It is of high clinical importance to identify the primary lesion and its pathological types for patients with brain metastases (BM). The purpose of this study is to investigate the feasibility and accuracy of differentiating the primary adenocarcinoma (AD) and squamous cell carcinoma (SCC) of non-small-cell lung cancer (NSCLC) for patients with BM based on radiomics from brain contrast-enhanced computer tomography (CECT) images.

Methods

A total of 144 BM patients (94 male, 50 female) were enrolled in this study with 102 with primary lung AD and 42 with SCC, respectively. Radiomics features from manually contoured tumors were extracted using python. Mann–Whitney U test and the least absolute shrinkage and selection operator (LASSO) logistic regression were applied to select relative radiomics features. Binary logistic regression and support vector machines (SVM) were applied to build models with radiomics features alone and with radiomics features plus age and sex.

Results

Fourteen features were selected from a total of 105 radiomics features for the final model building. The area under the curves (AUCs) and accuracy of SVM and binary logistic regression models were 0.765 vs. 0.769, 0.795 vs.0.828, and 0.716 vs. 0.726, 0.768 vs. 0.758, respectively, for models with radiomics features alone and models with radiomics features plus sex and age.

Conclusions

Brain CECT radiomics are promising in differentiating primary AD and SCC to achieve optimal therapeutic management in patients with BM from NSCLC.

Key Points

It is of high clinical importance to identify the primary lesion and its pathological types for patients with brain metastases (BM) to define the prognosis and treatment.

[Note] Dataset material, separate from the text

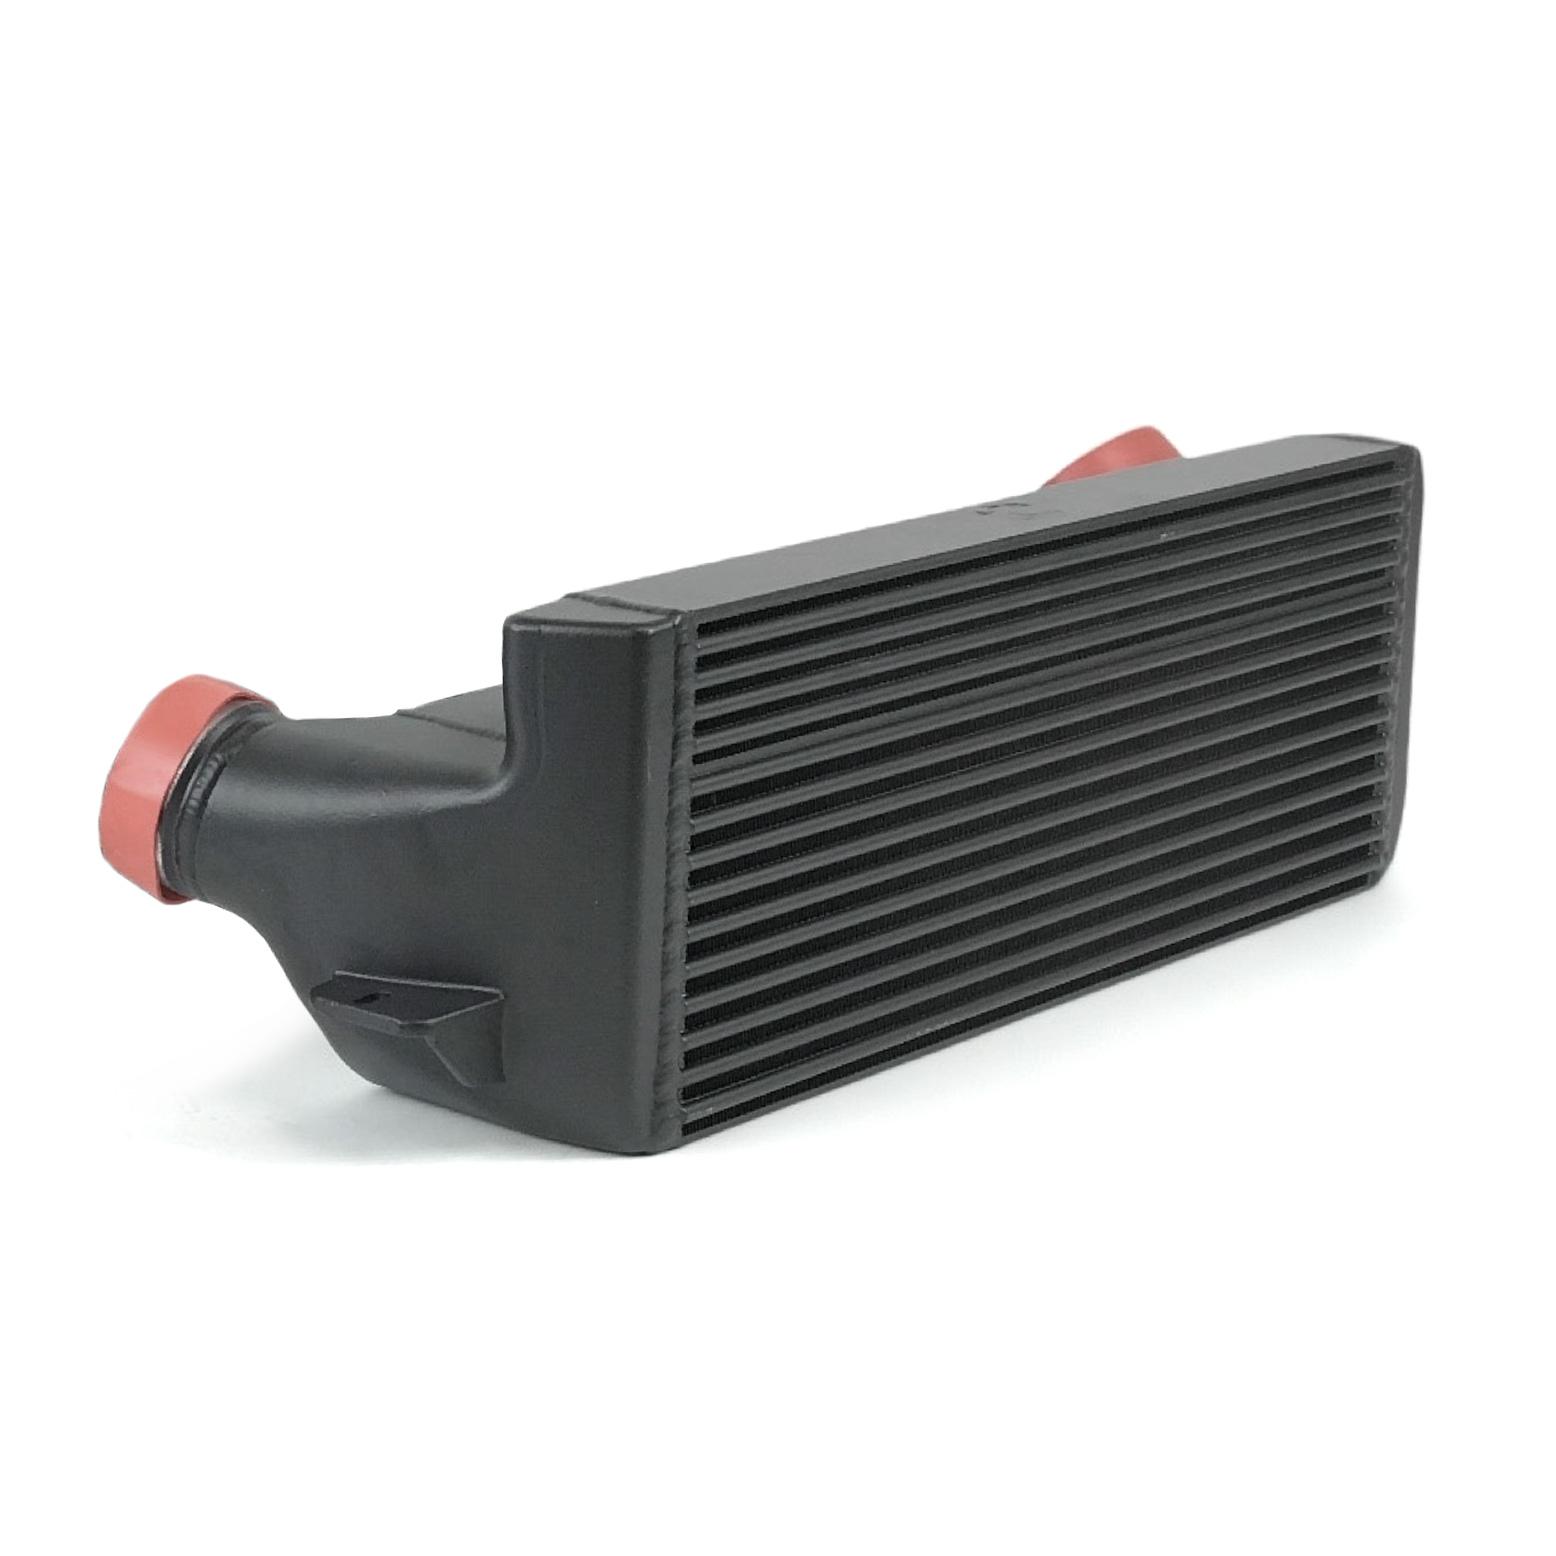 Cobb Tuning/CSF N54/N55 Front Mount Intercooler: BMW 1M 2011, 135i 2008-2013 & 335i 2007-2013 (BLACK)
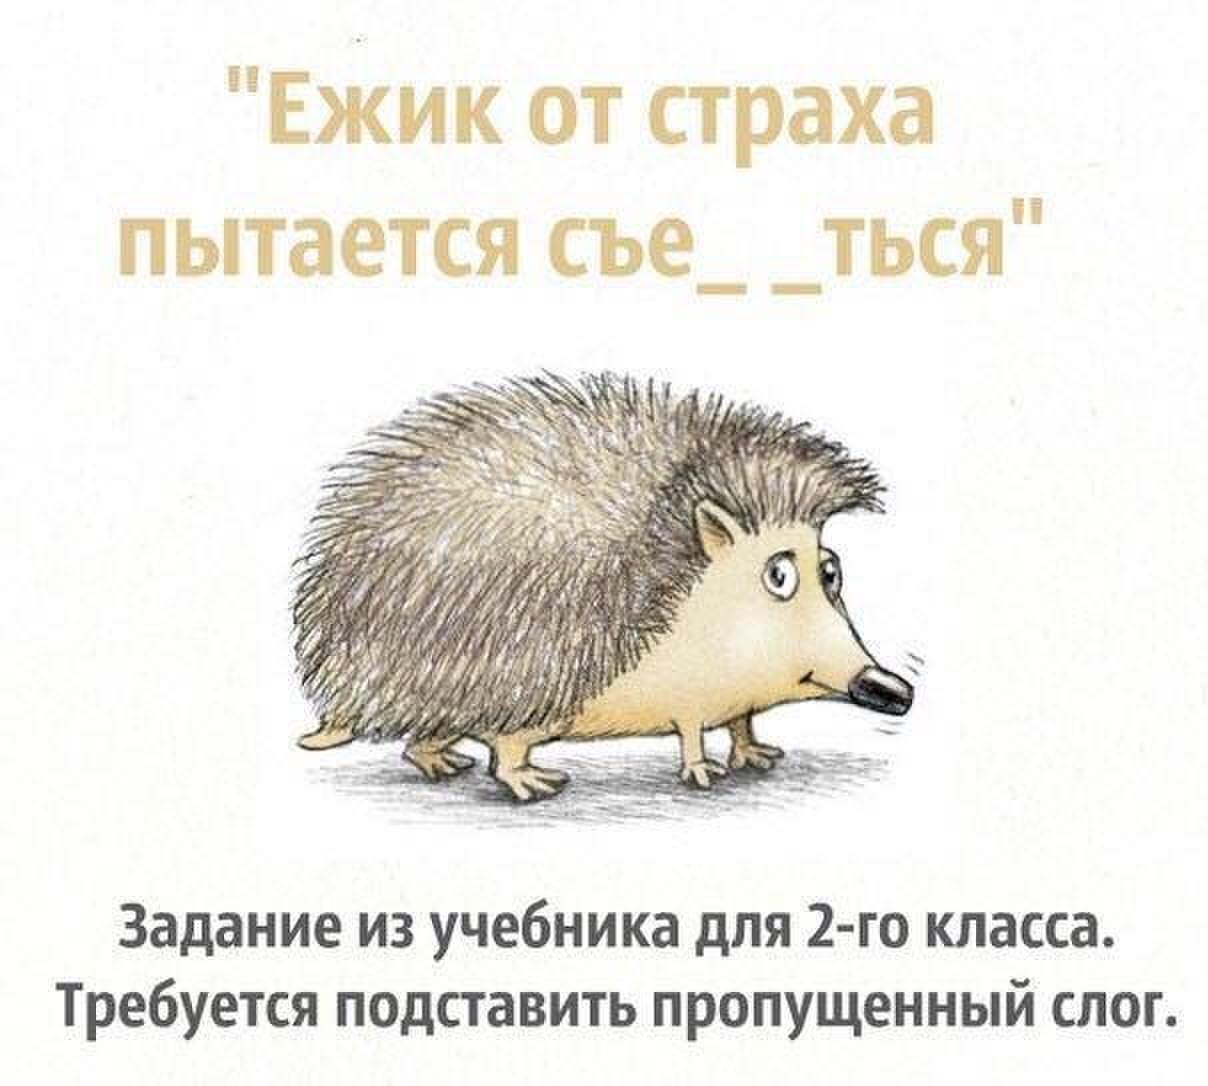 http://s00.yaplakal.com/pics/pics_original/4/1/5/8406514.jpg

Few studies had investigated the feasibility and accuracy of differentiating the pathological subtypes of primary non-small-cell lung cancer between adenocarcinoma (AD) and squamous cell carcinoma (SCC) for patients with BM based on radiomics from brain contrast-enhanced CT (CECT) images, although CECT images are often the initial imaging modality to screen for metastases and are recommended on equal footing with MRI for the detection of cerebral metastases.

• Brain CECT radiomics are promising in differentiating primary AD and SCC to achieve optimal therapeutic management in patients with BM from NSCLC with a highest area under the curve (AUC) of 0.828 and an accuracy of 0.758, respectively.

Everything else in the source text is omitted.